Choosing a consulting firm can determine the success or failure of a project. According to Braulio Henrique Dias Viana, an enthusiast and deep connoisseur of the sector, many companies end up making simple mistakes that lead to significant losses. Understanding how to identify the ideal consultancy helps avoid rework, wasted resources, and, most importantly, frustrations due to unmet expectations.
In this article, you will learn how to avoid common traps and make a safe, efficient choice aligned with your business goals.
Why do so many companies choose the wrong consulting firm?
The decision to hire a consultancy often happens during critical moments: accelerated growth, internal restructurings, or the need for innovation. In these scenarios, it is common for managers to choose firms without evaluating essential criteria, relying solely on superficial recommendations or attractive prices.

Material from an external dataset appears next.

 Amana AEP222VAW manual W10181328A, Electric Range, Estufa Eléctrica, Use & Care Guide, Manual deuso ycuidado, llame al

Braulio Henrique Dias Viana highlights that this lack of criteria is one of the main reasons for below-expected results. Moreover, the rush to solve problems can lead to neglecting aspects such as proven experience, applied methodologies, and compatibility with organizational culture. This type of failure compromises the entire process, turning the consultancy into more of a problem than a solution.

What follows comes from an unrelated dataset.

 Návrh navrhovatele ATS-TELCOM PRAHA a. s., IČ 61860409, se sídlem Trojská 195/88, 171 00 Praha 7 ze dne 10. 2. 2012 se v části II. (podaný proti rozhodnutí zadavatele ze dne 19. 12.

How to evaluate the consultancy’s experience and reputation?
Before signing any contract, it is crucial to analyze the consultancy’s track record. Check how long it has been in the market, which clients it has served, and the types of projects executed. Public reviews, real case studies, and certifications are also important points. According to Braulio Henrique Dias Viana, a trustworthy consultancy is transparent with its results and knows how to present evidence of success.

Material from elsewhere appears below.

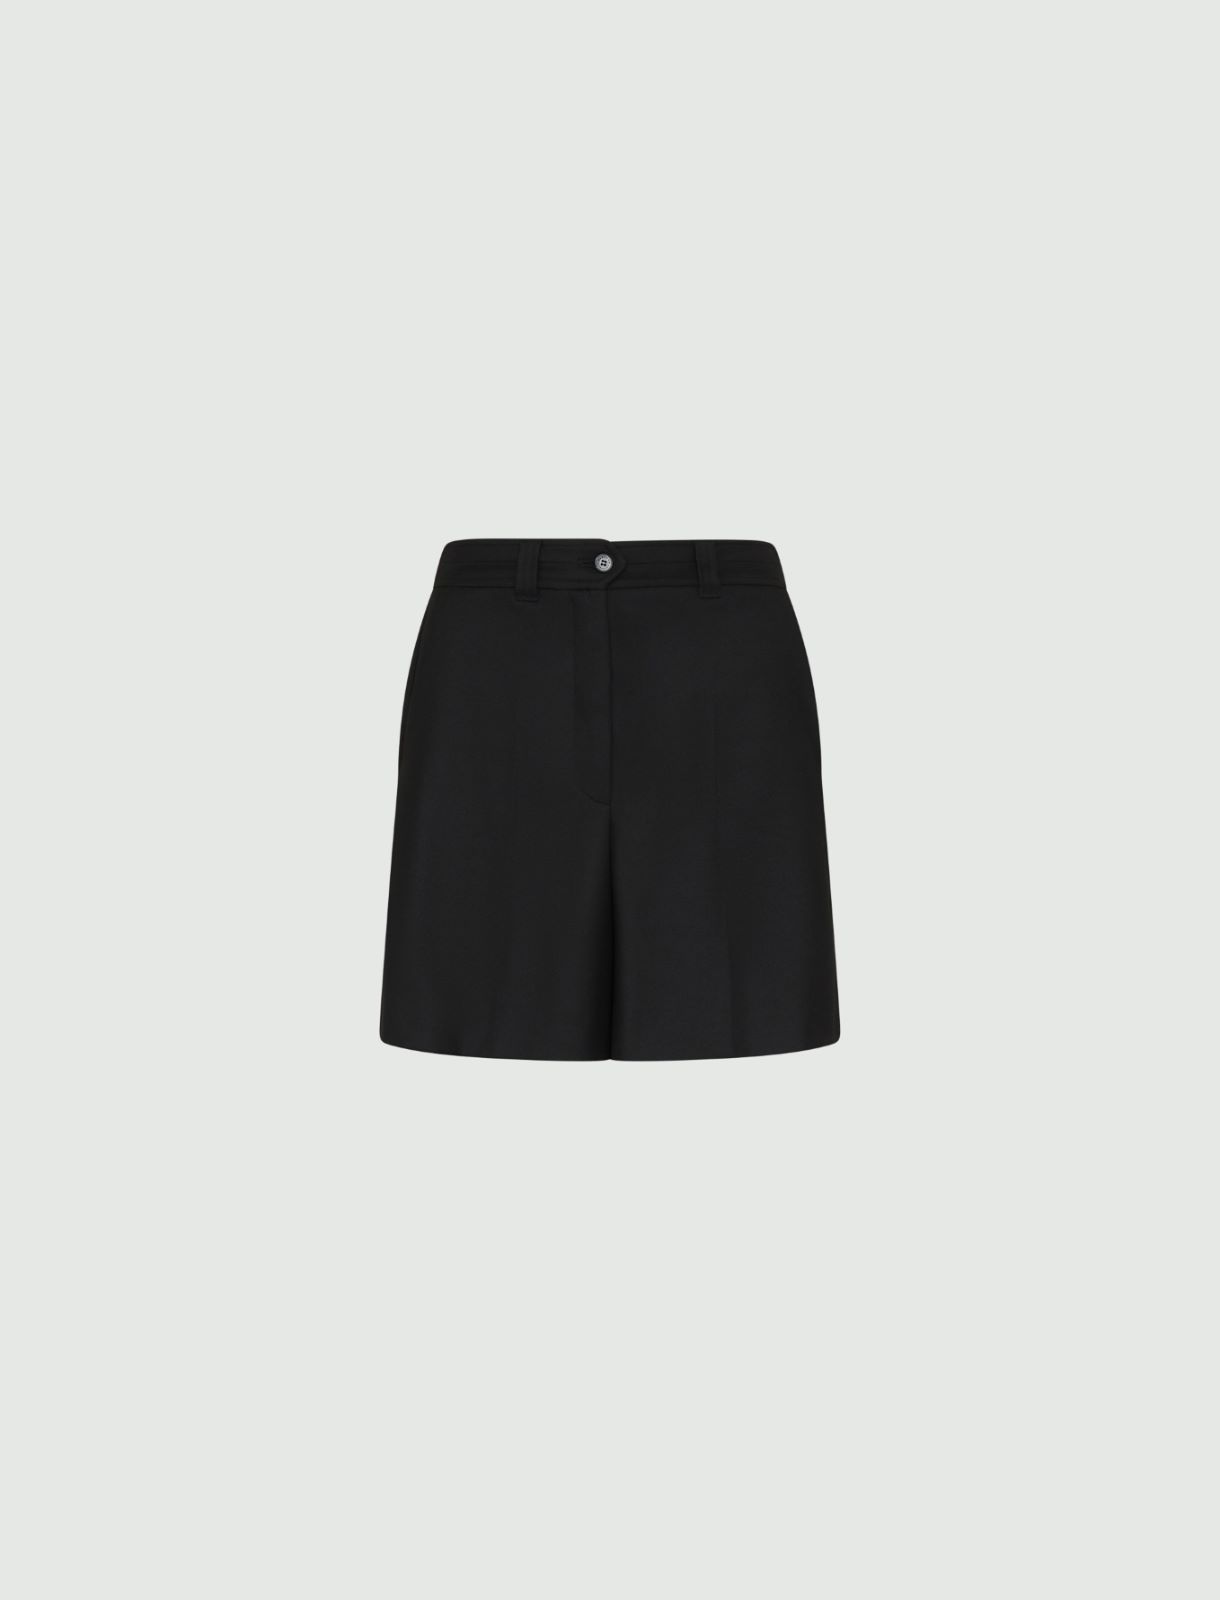 Flannel shorts - Black - Marella - 5

Another tip is to talk to former clients. Direct feedback helps you understand not only the results achieved but also the consultancy’s relationship and working style. Each consultancy adopts a specific methodology. Some are more flexible, while others follow rigid models. Ideally, look for firms that adapt their solutions to the client’s reality, respecting the existing structure and proposing realistic improvements.
What are the warning signs that a consultancy might be a trap?
Some signs deserve attention. Exaggerated promises of quick results, lack of detailed contracts, poor communication, and misalignment with the company’s values are indications of a poor choice. Braulio Henrique Dias Viana emphasizes that empathy and understanding of the client’s situation are fundamental. When a consultancy shows disinterest or tries to impose standardized solutions without considering the context, it’s time to reconsider the hiring.
Another critical point is charging fees far below the market average. This could indicate a lack of preparation, structure, or even dubious intentions. In such cases, cheap usually turns out expensive. Hiring a consultancy should not be seen as a one-off transaction. The relationship with consultants must be based on trust, clear expectations, and openness to constant dialogue.
Establish efficient communication channels, hold regular meetings, and monitor the performance indicators defined at the beginning of the project. This prevents surprises and keeps the focus on set objectives. As Braulio Henrique Dias Viana points out, the involvement of the client company’s leadership is essential for the consultancy’s recommendations to be effectively implemented. The lack of internal team engagement is one of the reasons many projects do not achieve the expected success.
If you are considering hiring a consultancy, start with an honest analysis of your real need. Don’t let urgency or the appeal of magic solutions derail your journey. Research, compare, and only close the deal when you are confident. Start today by seeking qualified partners; your business deserves the best—and the right choice starts now.